Der Verkehr staut sich auf der B66, einer Zufahrt zur Autobahn A2, nahe der Auffahrt Dortmund/Paderborn. Auf dem Seitenstreifen ist ein Lkw liegengeblieben. Foto: Friso Gentsch/dpa
Der Verkehr staut sich auf der B66, einer Zufahrt zur Autobahn A2, nahe der Auffahrt Dortmund/Paderborn. Auf dem Seitenstreifen ist ein Lkw liegengeblieben. Foto: Friso Gentsch/dpa

Hunderte müssen bei Eiseskälte in ihren Fahrzeugen übernachten, weil auf der A2 nichts mehr vorwärts und rückwärts geht. Auch andernorts lähmen Schnee und Eis weiterhin den Straßen- und Schienenverkehr. Und in Nürnberg brennt ausgerechnet ein Fernwärme-Kraftwerk.

Extremes Winterwetter mit Schnee und Eis beherrscht auch nach Tagen noch große Teile Deutschlands. Auf Straßen und Schienen kam es am Dienstag erneut zu Stillstand.

Auf der A2 bei Bielefeld steckten Hunderte Auto- und Lkw-Fahrer sogar die ganze Nacht im Schnee fest und mussten bei klirrender Kälte viele Stunden lang in ihren Fahrzeugen ausharren.

Bei der Bahn blieb der Fernverkehr auf einigen Strecken komplett eingestellt – etwa in Schleswig-Holstein, wo der Deutsche Wetterdienst (DWD) für einige Regionen an der stürmischen Ostsee vor Schneeverwehungen warnte.

In Bayern rief die Stadt Nürnberg den Katastrophenfall aus, nachdem es zu einem Brand in einem Großkraftwerk gekommen war, was die Belieferung von etwa 15.000 Menschen mit Fernwärme beeinträchtigte. Betroffen waren neben den Privathaushalten auch große Betriebe, eine Klinik, Schulen, ein Einkaufszentrum sowie zwei Alten- und Pflegeeinrichtungen. N-Ergie drosselte in einigen Wohnblocks die Temperatur auf 10 bis 15 Grad.

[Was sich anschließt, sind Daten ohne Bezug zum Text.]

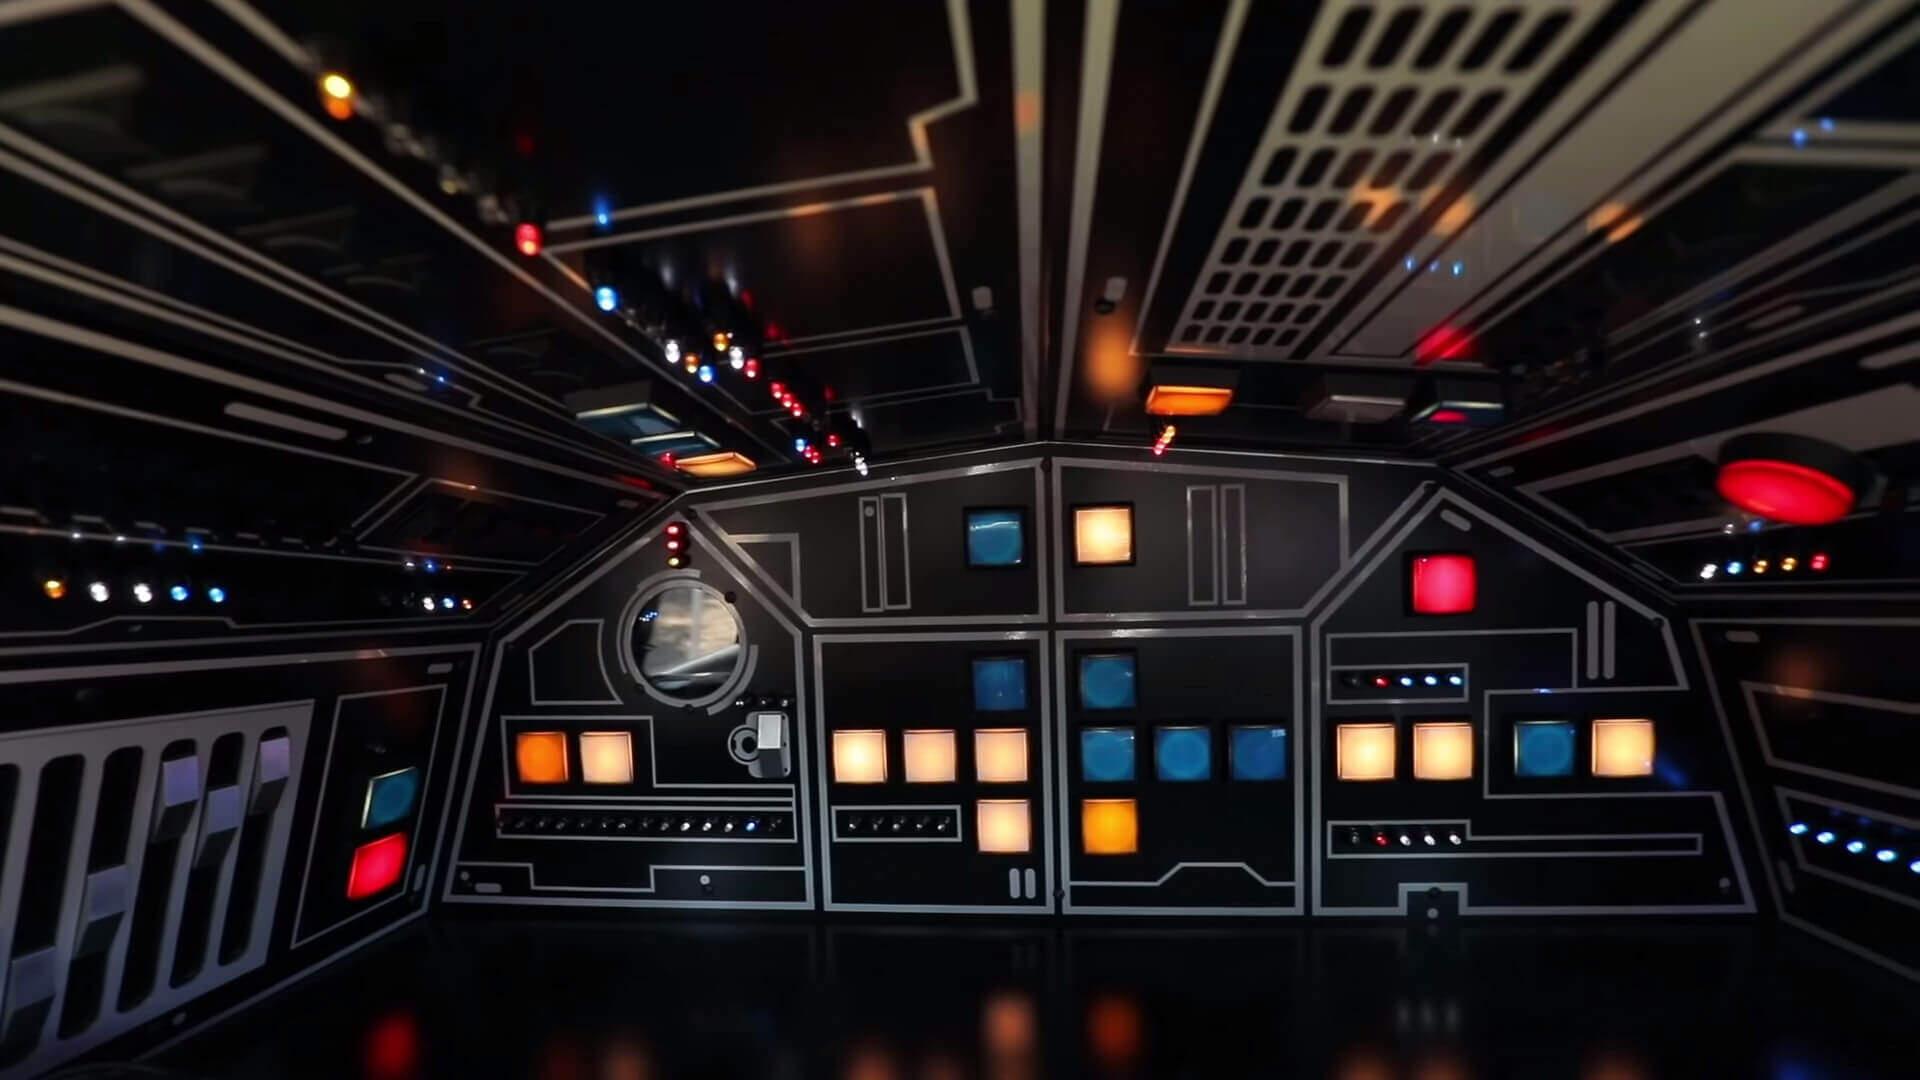 Nissan Rogue Star Wars Themed Show Vehicle screenshot 3

In Sachsen-Anhalt wurde ein Mann leblos neben seinem Traktor im Schnee gefunden. Die Ermittler gehen davon aus, dass der 69-Jährige am Montag erfroren ist, wie die Polizei am Dienstag mitteilte. Hilfsorganisationen in Deutschland wiesen derweil auf die lebensbedrohliche Lage von Obdachlosen hin, deren Versorgung wegen der Corona-Pandemie ohnehin erschwert sei.

Bereits seit dem Wochenende lähmen Schnee und Eis weite Teile Deutschlands. Zwar soll es nun insgesamt weniger schneien, die Temperaturen bleiben aber im Eiskeller. Von Donnerstag an werde sich – anders als bisher – auch im Süden Deutschlands die Kaltluft komplett durchsetzen.

„Hoch Gisela sorgt mit einer nordöstlichen bis östlichen Strömung auch in den nächsten Tagen für verbreitet frostige Temperaturen tagsüber und nachts für strenge, über Schnee bei Aufklaren auch sehr strenge Fröste um minus 20 Grad“, erläuterte DWD-Meteorologe Jens Bonewitz.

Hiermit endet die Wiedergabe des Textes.